O projeto de lei de iniciativa de cidadãos, com 20.669 assinaturas, pela suspensão do AO, foi entregue há mais de ano, passou de uma legislatura para a outra, e está na comissão parlamentar de Cultura, que pediu um parecer sobre a sua constitucionalidade à comissão de Assuntos Constitucionais, Direitos, Liberdades e Garantias.
Na quarta-feira, a comissão de Assuntos Constitucionais vai apreciar e votar o "parecer sobre a constitucionalidade do projeto de lei nº 1195", que deu entrada em 10 de abril do ano passado, e que não caducou com a entrada em funções do parlamento eleito nas eleições de 2019, ao contrário de projetos dos partidos.
O parecer já foi apresentado na reunião anterior por Pedro Delgado Alves, que concluiu que nas convenções internacionais, como é o Acordo Ortográfico, a sua "vinculação ou desvinculação" estão dentro "da reserva de iniciativa do Governo", de acordo com a Constituição.
O artigo 197.º, sobre a competência política, determina que cabe ao Governo "negociar e ajustar convenções internacionais".
Pelo que este tipo de decisão “não se insere na esfera de competências legislativa da Assembleia da República", argumentou Pedro Delgado Alves na apresentação do parecer aos deputados da comissão.
Além do mais, defendeu ainda, a iniciativa legislativa de cidadãos é para propor legislação e a "desvinculação" de uma convenção internacional é feita através de uma proposta e resolução.
O parlamento tem competência política para aprovar a adesão ou desvinculação a convenções internacionais, que devem ser propostas pelo Governo à Assembleia da República, através de uma resolução e não de uma lei.
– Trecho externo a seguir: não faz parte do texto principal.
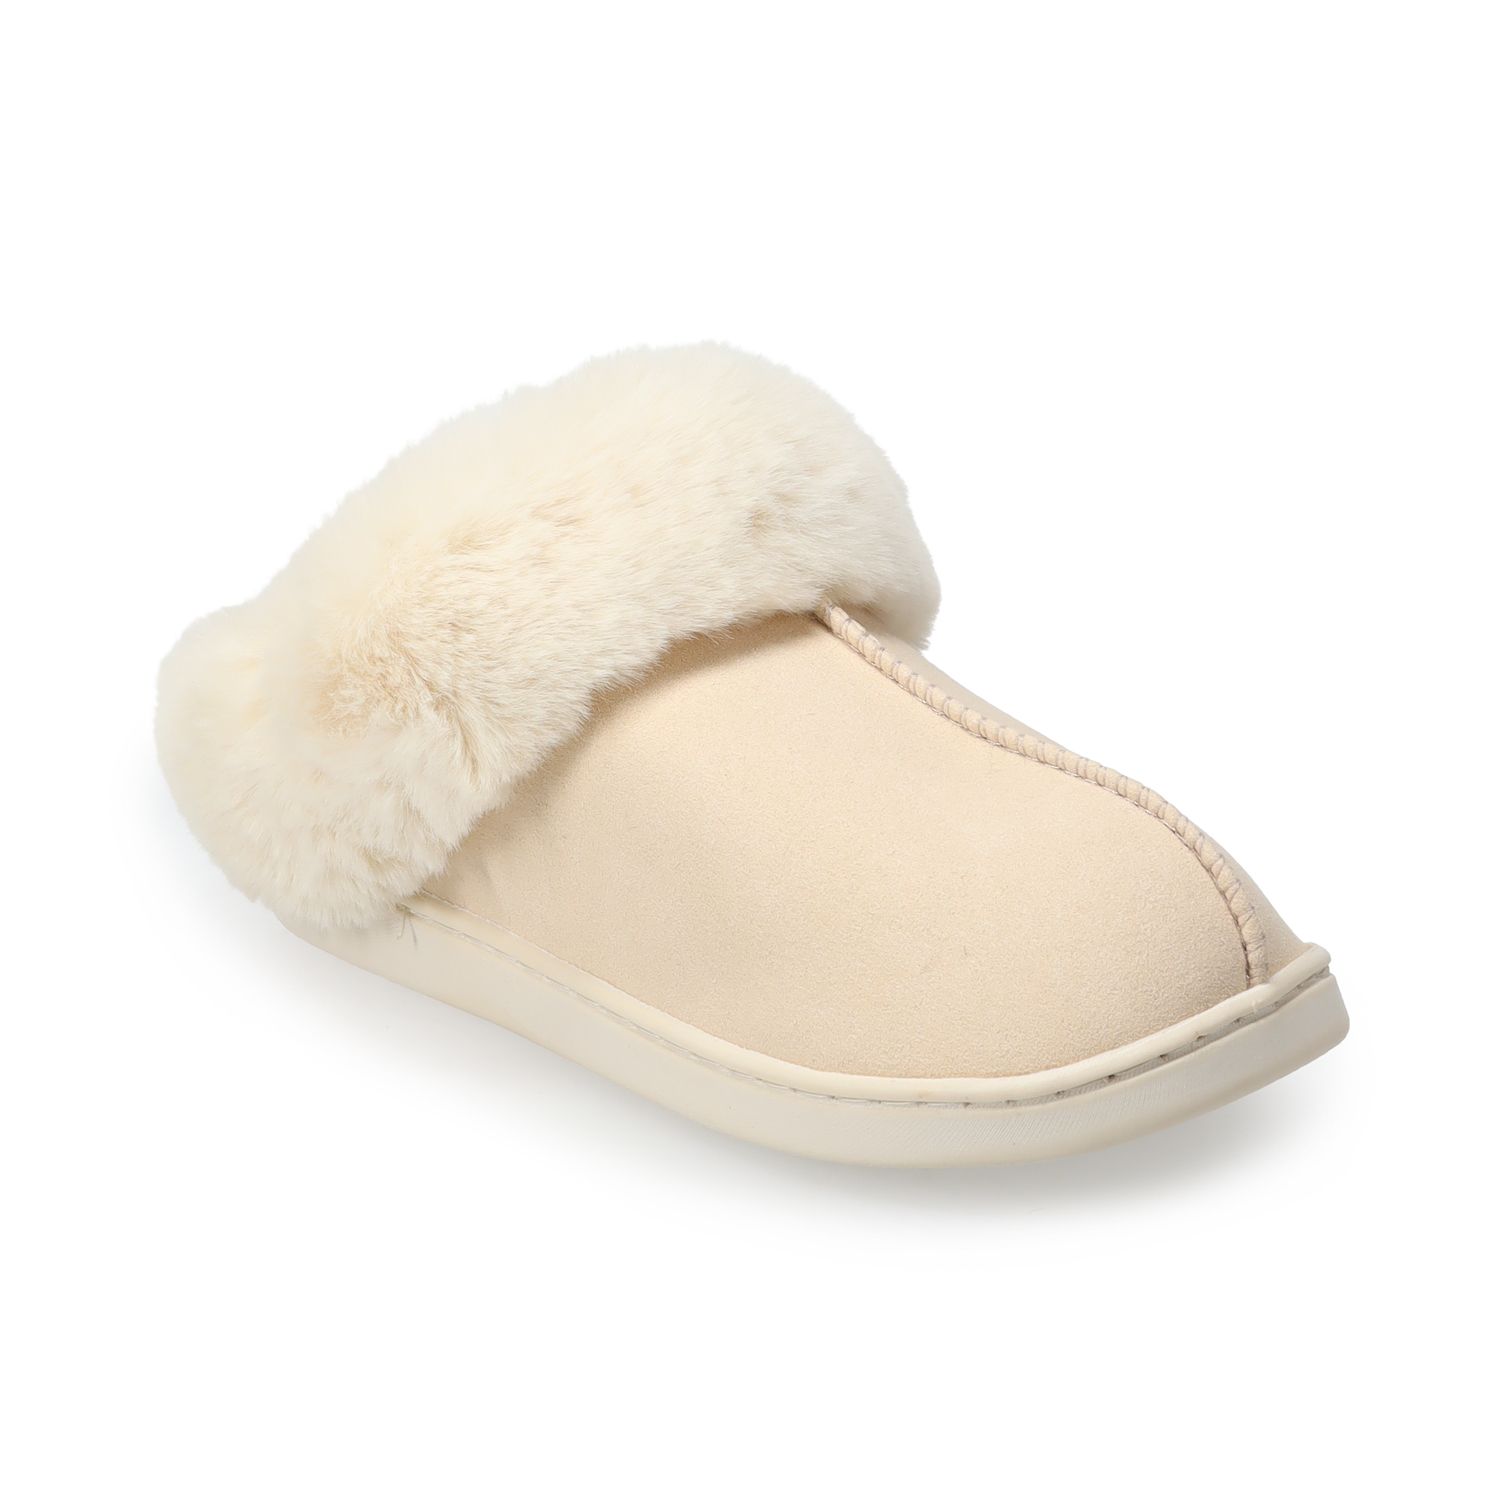 Image for LC Lauren Conrad Women's Faux Fur Clog Slippers at Kohl's.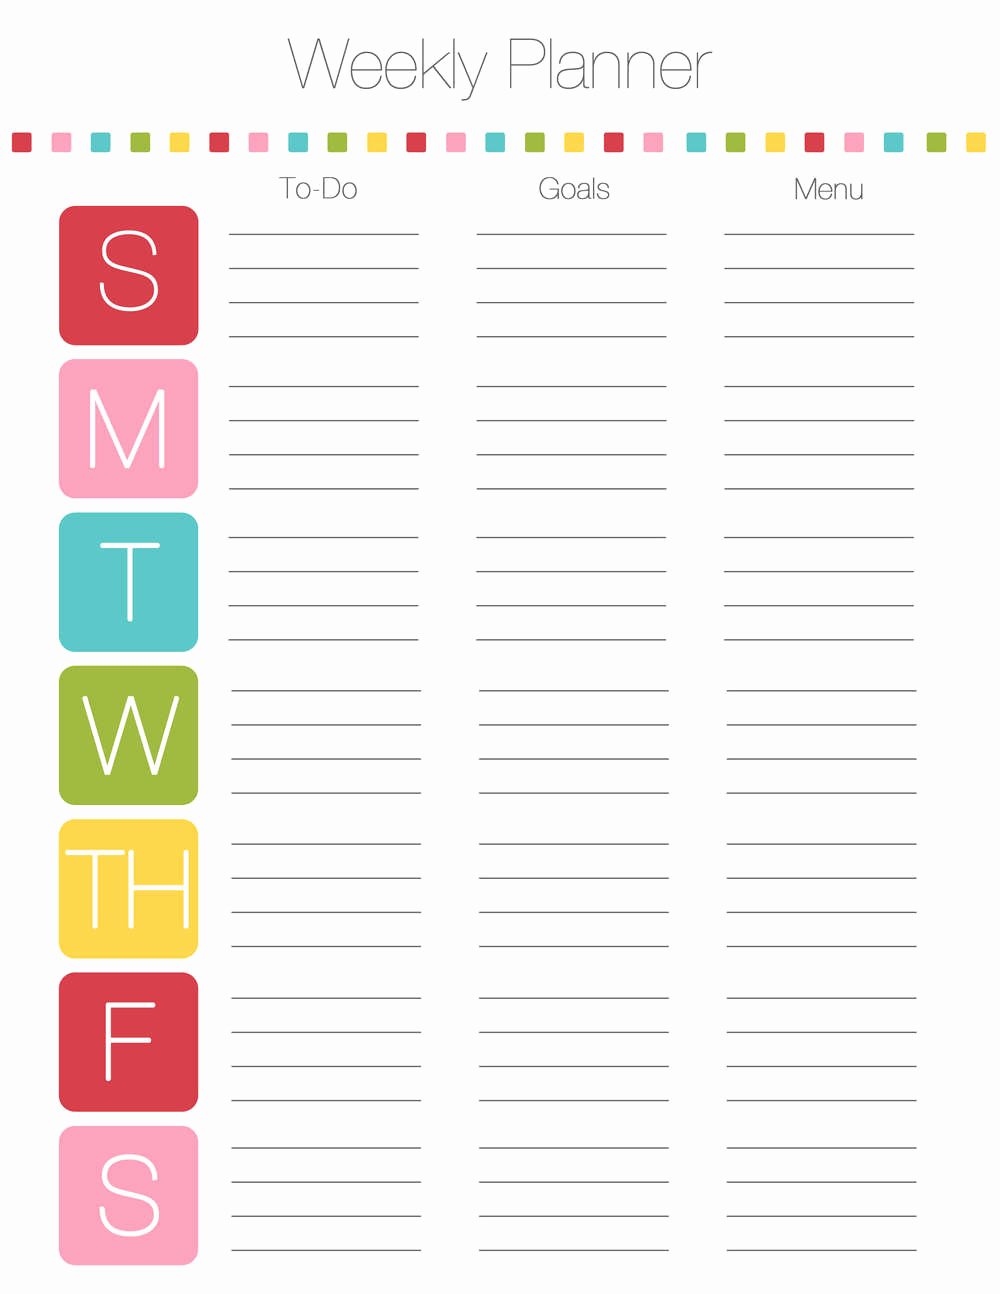 Week Day Schedule Template Elegant Newsletter Free Printables I Heart Nap Time

A alternativa, para Delgado Alves, seria o grupo de cidadãos entregarem uma petição para que a Assembleia da República recomende ao executivo a desvinculação do Acordo Ortográfico ou apresentar essa petição, com o mesmo objetivo, diretamente ao Governo.
Depois de votado, a discussão deverá prosseguir na comissão de Cultura.
O direito de iniciativa legislativa dos cidadãos, previsto no artigo 176.º da Constituição, foi regulamentado em lei em 2017 e permite que grupos de cidadãos eleitores possam apresentar projetos de lei e participar no procedimento legislativo a que derem origem.
Este projeto de apenas três artigos propõe que a Assembleia da República revogue a resolução, também do parlamento, que aprovou o acordo.
No artigo 1.º do texto pode ler-se que "a entrada em vigor do Acordo Ortográfico de 1990 fica suspensa por prazo indeterminado, para que sejam elaborados estudos complementares que atestem a sua viabilidade económica, o seu impacto social e a sua adequação ao contexto histórico, nacional e patrimonial em que se insere".
O segundo artigo propõe que a "ortografia constante de atos, normas, orientações ou documentos provenientes de entidades públicas, de bens culturais, bem como de manuais escolares e outros recursos didático-pedagógicos, com valor oficial ou legalmente sujeitos a reconhecimento, validação ou certificação, será a que vigorou até 31 de dezembro de 2009 e que nunca foi revogada".
O terceiro e último artigo estabelece que "este diploma revoga todas as disposições da Resolução da Assembleia da República n.º 35/2008, de 29 de julho, que com ele sejam incompatíveis".
A comissão representativa desta iniciativa legislativa de cidadãos é composta por Hermínia Castro, Luís de Matos, Isabel Coutinho Monteiro, Nuno Pacheco, Olga Rodrigues, Henrique Lopes Valente, Rui Valente e Maria do Carmo Vieira.
Em 2019, um grupo de trabalho parlamentar criado para avaliar o impacto da aplicação do Acordo Ortográfico terminou funções em 19 de julho, sem ter reunido consenso para uma possível alteração a esta convenção.
O grupo de trabalho foi criado em 2017 para avaliar o impacto da aplicação do AO de 1990 e, nos dois anos seguintes, estes dois anos, foram ouvidas várias entidades e personalidades, mas manteve-se a divergência entre os deputados sobre a matéria.
Entre os países da Comunidade dos Países de Língua Portuguesa (CPLP), o Acordo Ortográfico de 1990 está em vigor em Portugal, no Brasil, em São Tomé e Príncipe e em Cabo Verde, enquanto Timor-Leste e Guiné-Bissau apenas o ratificaram, sem implementar. Falta ainda a ratificação do acordo por parte de Angola e de Moçambique.